Georgia Democrat Stacey Abrams made an appearance in Time’s annual list of most influential people with a tribute to Desmond Meade, the Floridian who led the charge to restore voting rights for former felons in his state.
“The formerly incarcerated—returning citizens—often face a cruel irony in America,” Abrams wrote in her essay. “Having paid their debt to society, too many are banned from the ballot box that could help them dismantle policies that essentially extend their sentences.”
To break the cycle, Meade, who had himself ended up homeless and suicidal and with a felony record, went on to earn a law degree.
And when he realized he couldn’t even vote for his own wife as she ran for state legislature, he presided over the Florida Rights Restoration Coalition and fought to pass Amendment 4, “the single largest expansion of voting rights in the U.S. in half a century,” OrlandoWeekly.com reported. The initiative “brought an end to 150 years of a Jim Crow-era law in Florida,” restoring voting rights to more than 1.4 million Floridians with past felony convictions.

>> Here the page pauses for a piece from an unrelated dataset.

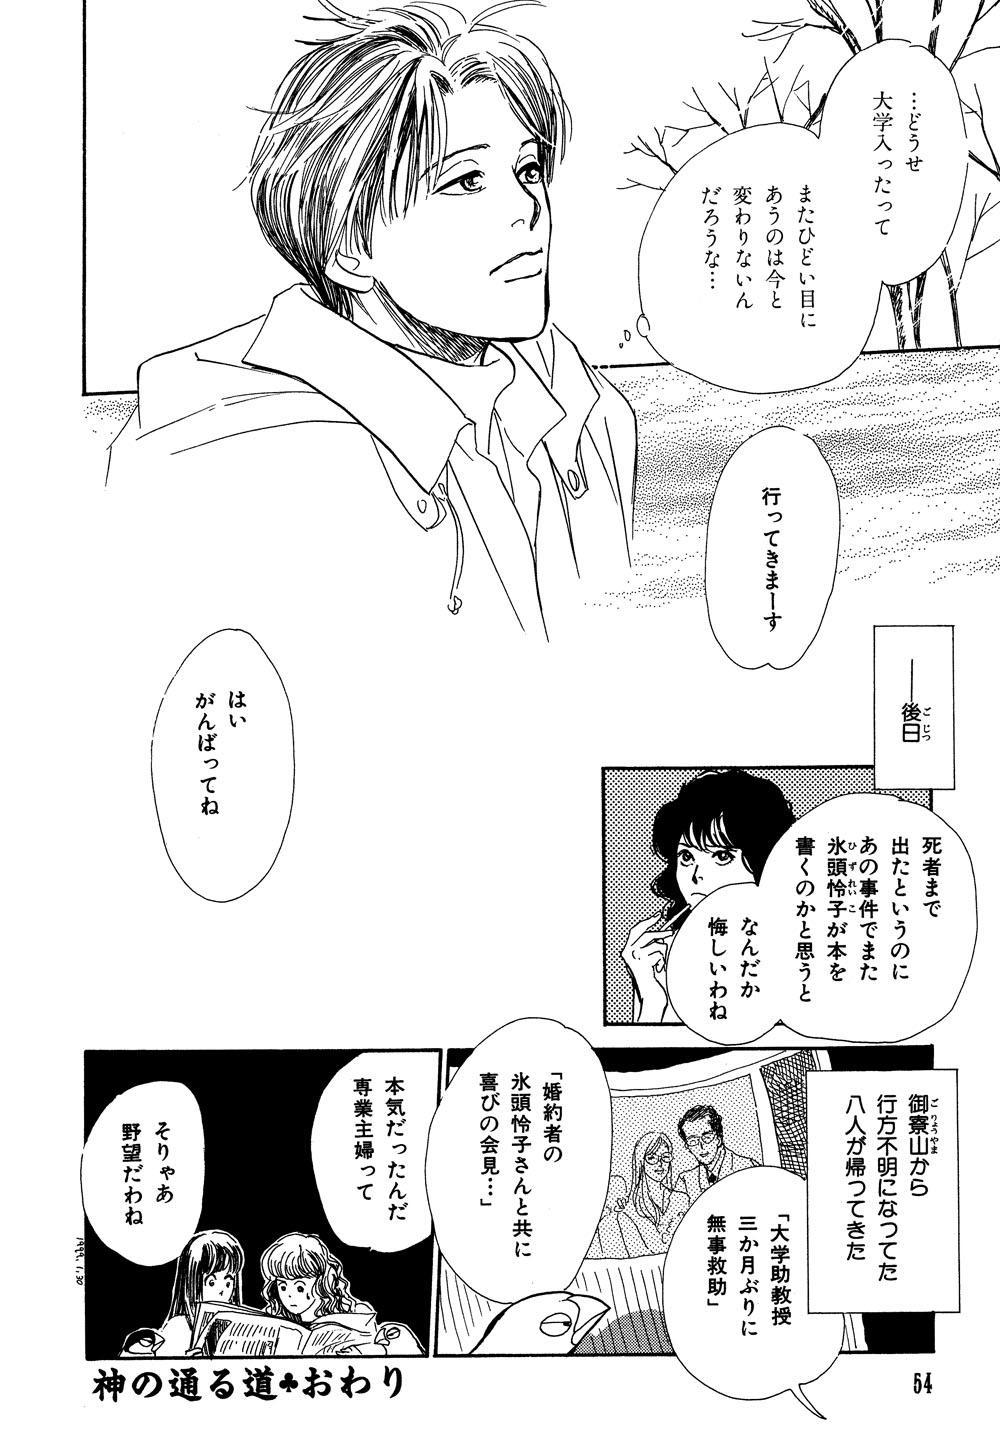 百鬼夜行抄_07_0058.jpg

“Amendment 4 needed 60% of the vote to pass,” Abrams wrote. And in November 2018, the legislation received 65%.
Under Florida’s Amendment 4, felons not convicted of sex offenses or murder automatically have their voting rights restored after completing their sentences or going on probation.

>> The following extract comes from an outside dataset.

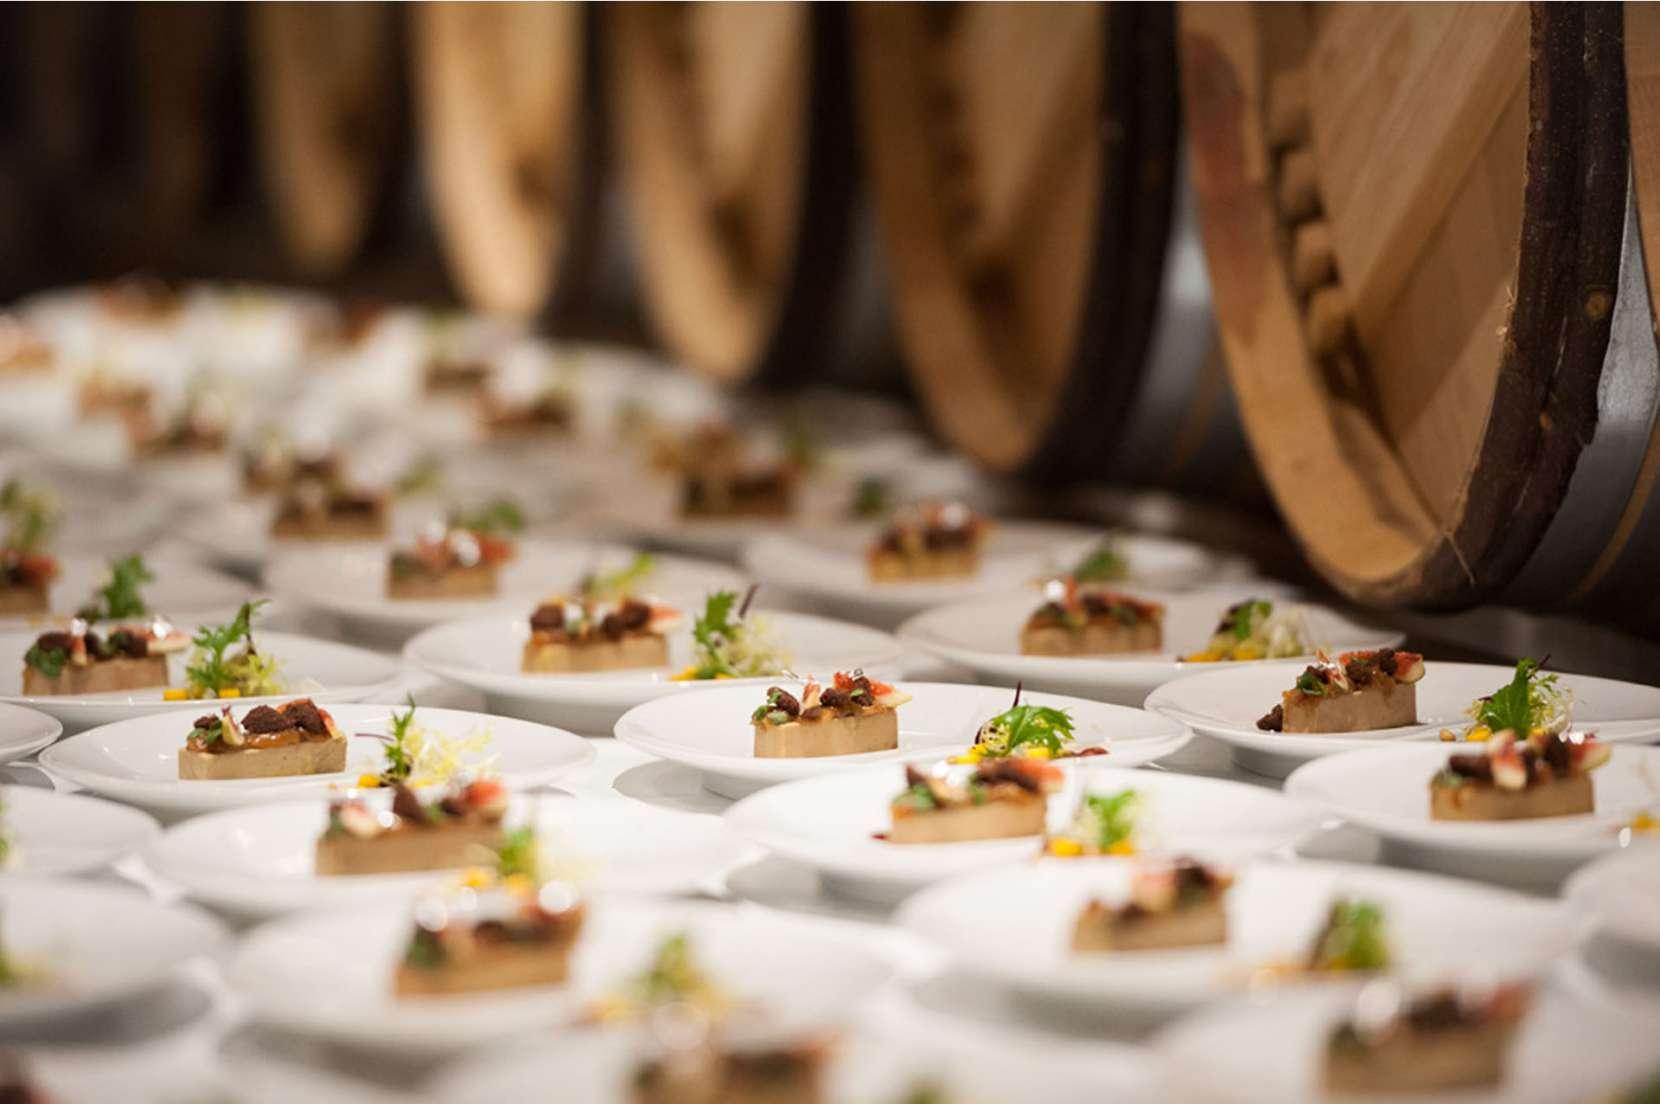 Entrées-au-foie-gras-diner-grands-chefs-chateaux-St-Emilion-1660x1104.jpg

Previously, former felons were required to wait at least 5 years after completing their sentences to ask the Florida Clemency Board, made up by the governor and the Cabinet, to restore their rights, according to the Pensacola News Journal.
In 2006, Florida Republican Governor Charlie Crist pushed to make it easier for convicted felons to regain voting rights after serving their sentences, but in March 2011, Republican Governor Rick Scott reversed the reforms.

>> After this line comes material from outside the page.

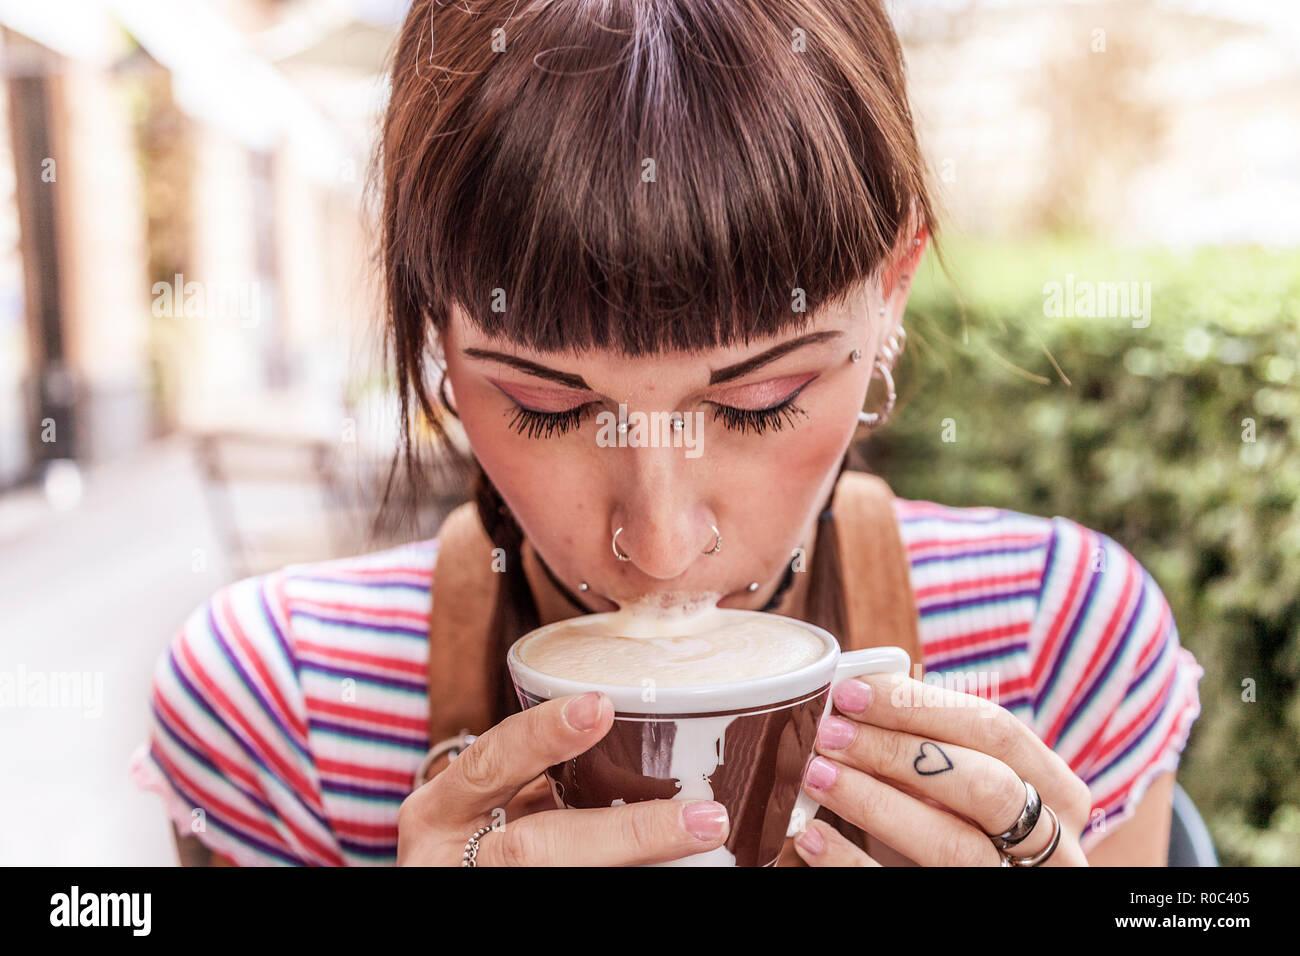 Junge Frau mit blauen Augen ihre Lippen mit Sahne dirty beim Trinken einen italienischen Cappuccino Stockfoto

Amendment 4 was placed on the 2018 ballot by a petition of more than 799,000 voters.
Meade was also named Central Floridian of the Year by the Orlando Sentinel Editorial Board.
“If we do want our state to be strong and our country to be strong we must commit to empowering the weakest among us,” Meade said at his acceptance speech for the Florida accolade. “The homeless, those who are hungry, those who are silenced, the children, our elderly ... I do consider that an honor.”
Why did Abrams write the essay for Meade? Well, the Georgia Democratic runner-up in the 2018 governor’s race has long fought for stronger voter protections in Georgia.
“From issues with registration to ballot access to the counting of votes, Georgians faced a systemic breakdown of its electoral process,” she said at a U.S. House hearing in February, citing accusations against Republican Gov. Brian Kemp of unfairly using his position as Georgia’s top elections official to win last year’s race.
The Associated Press contributed to this report.